One agriculture inspector who defied authority was demoted, despite being credited with saving California's citrus industry from the potentially devastating effects of canker.
While working at an international mail center outside San Francisco, the inspector found a package destined for Ventura labeled "books and chocolates." Inside were 350 citrus cuttings from Japan that were infested with canker, which has killed more than 2 million trees across Florida but does not exist in California.
He showed it to a supervisor, who, according to the Congressional Record, replied: "Look, we are here to protect the country from acts of terrorism. What do you expect me to do?"
The inspector sidestepped the supervisor and called the USDA. The resulting investigation ended with arrests and the incineration of 4,000 potentially infected trees that had been growing at an unregistered nursery in a prime citrus region.
But within a month, the whistleblower was demoted to search through the dirty laundry of passengers returning from foreign trips.
Government officials now acknowledge the problems and say they began taking corrective steps after Sen. Dianne Feinstein of California threatened in 2008 to propose a bill that would move inspectors back to the USDA and increase their numbers.
"That was a huge moment for everybody," said Kevin Harriger, Custom and Border Protection's acting executive director of agriculture programs. "We took it on the chin and said, `You're right. We heard you. We've been remiss in several key areas.'"

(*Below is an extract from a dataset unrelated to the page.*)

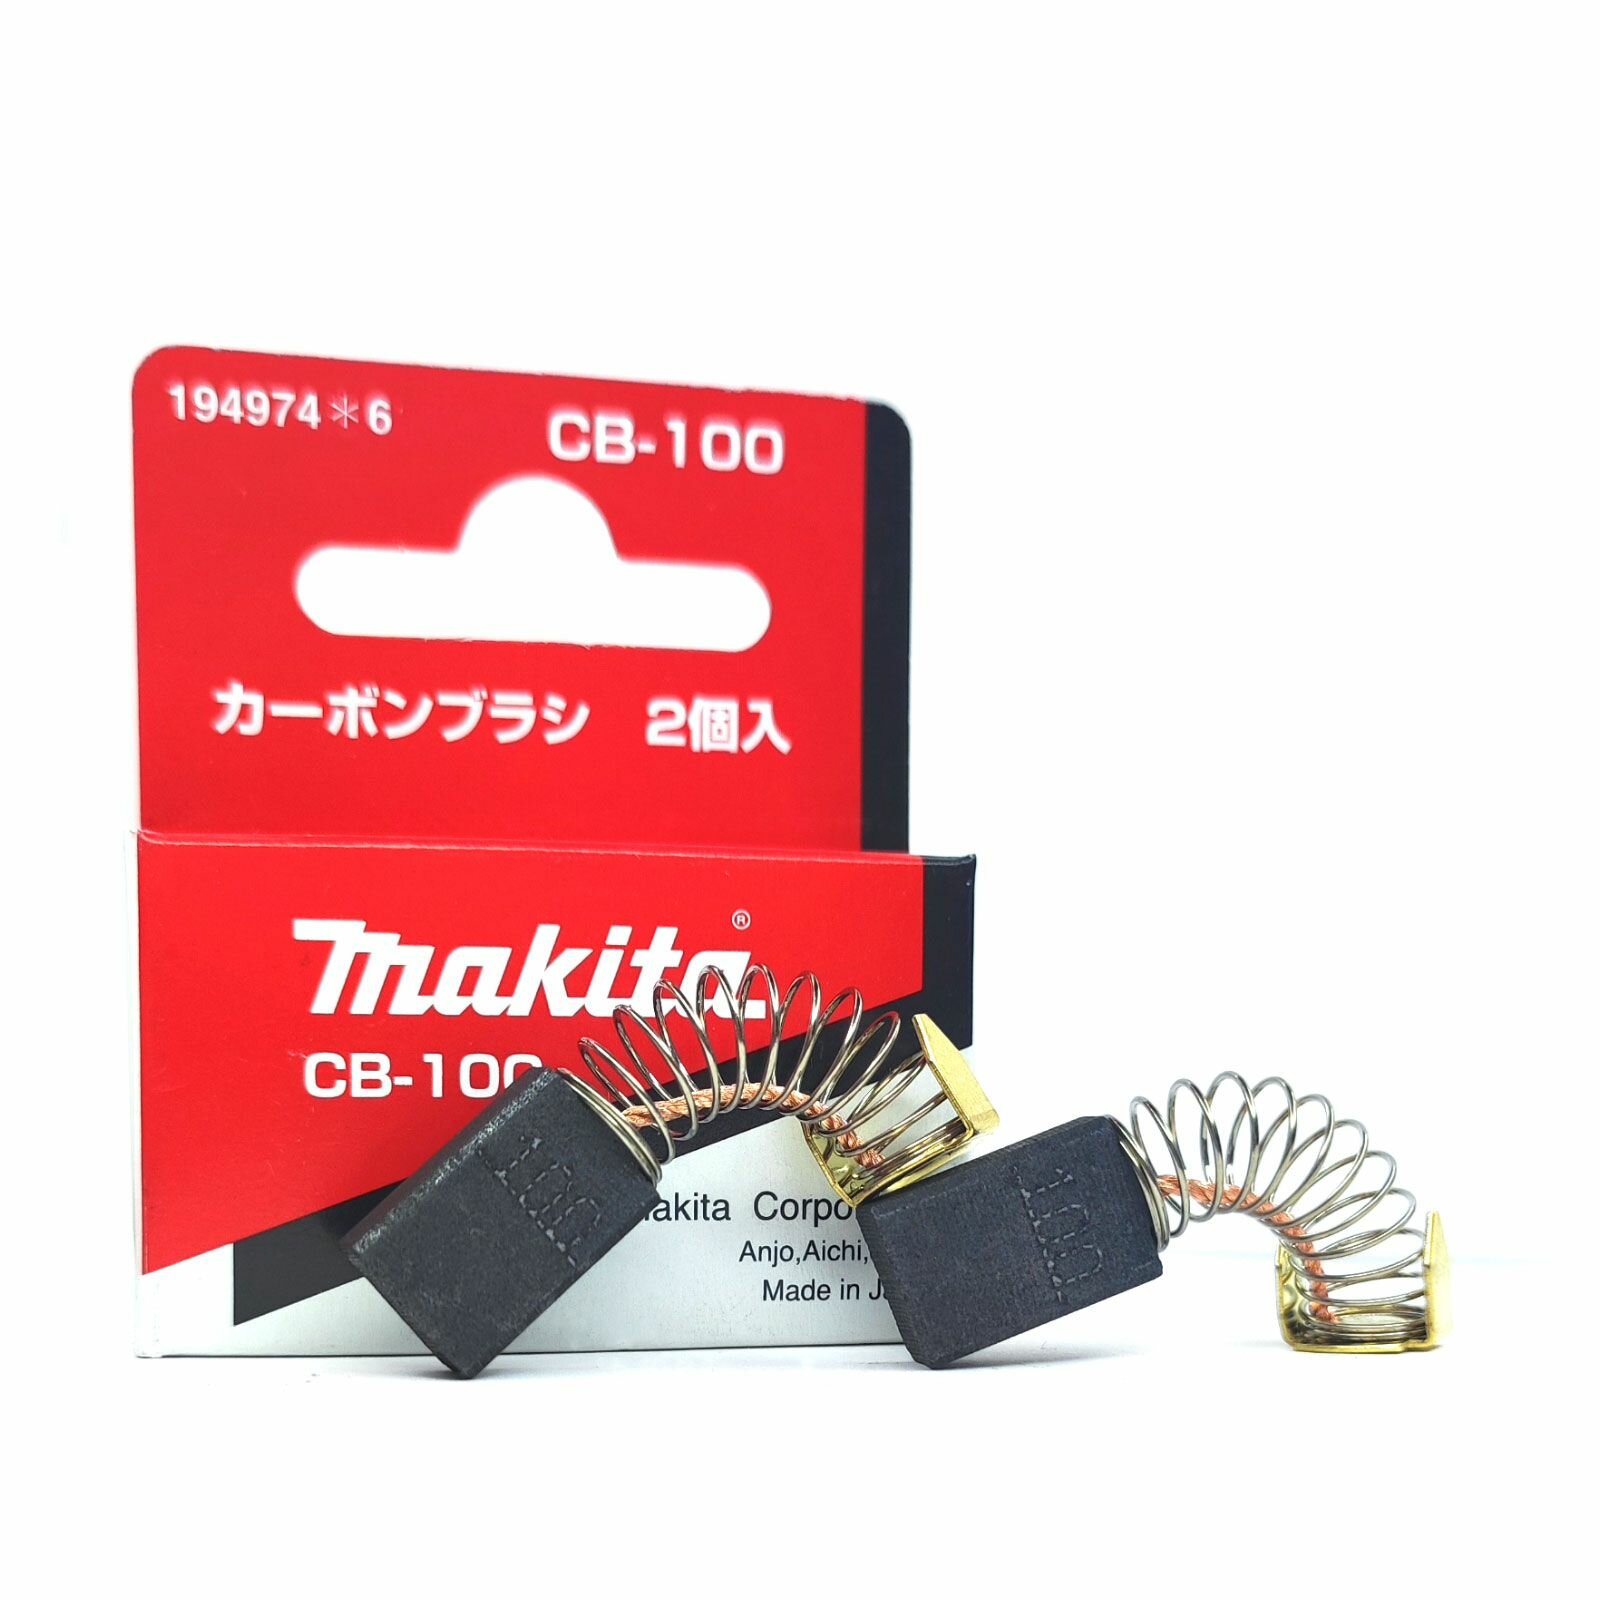 Угольные щетки(пара) Makita CB-100(194974-6, 181030-1)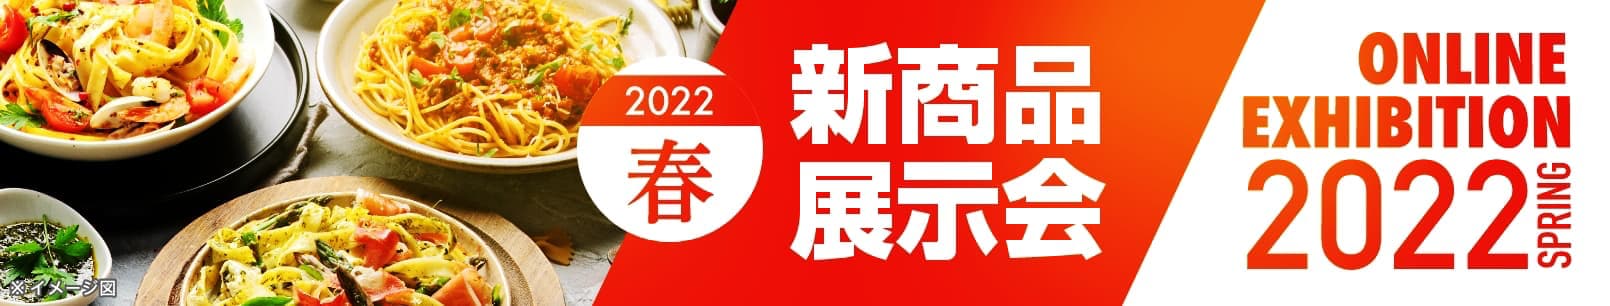 日清製粉ウェルナ 親商品展示会 2022年春

Critics in Congress say serious damage has already been done. Sen. Daniel Akaka, a Hawaii Democrat and member of the Senate Committee on Homeland Security, said the improvements aren't happening fast enough. He's asked the Government Accountability Office to reopen an investigation.
"When change like this happens, you hope people get it right the first time," said Rep. Dennis Cardoza, a California Democrat who also investigated the problems. "But if they don't, it's not them who pay the price. It's society that does."
Associated Press Writer Rick Callahan in Indianapolis contributed to this report.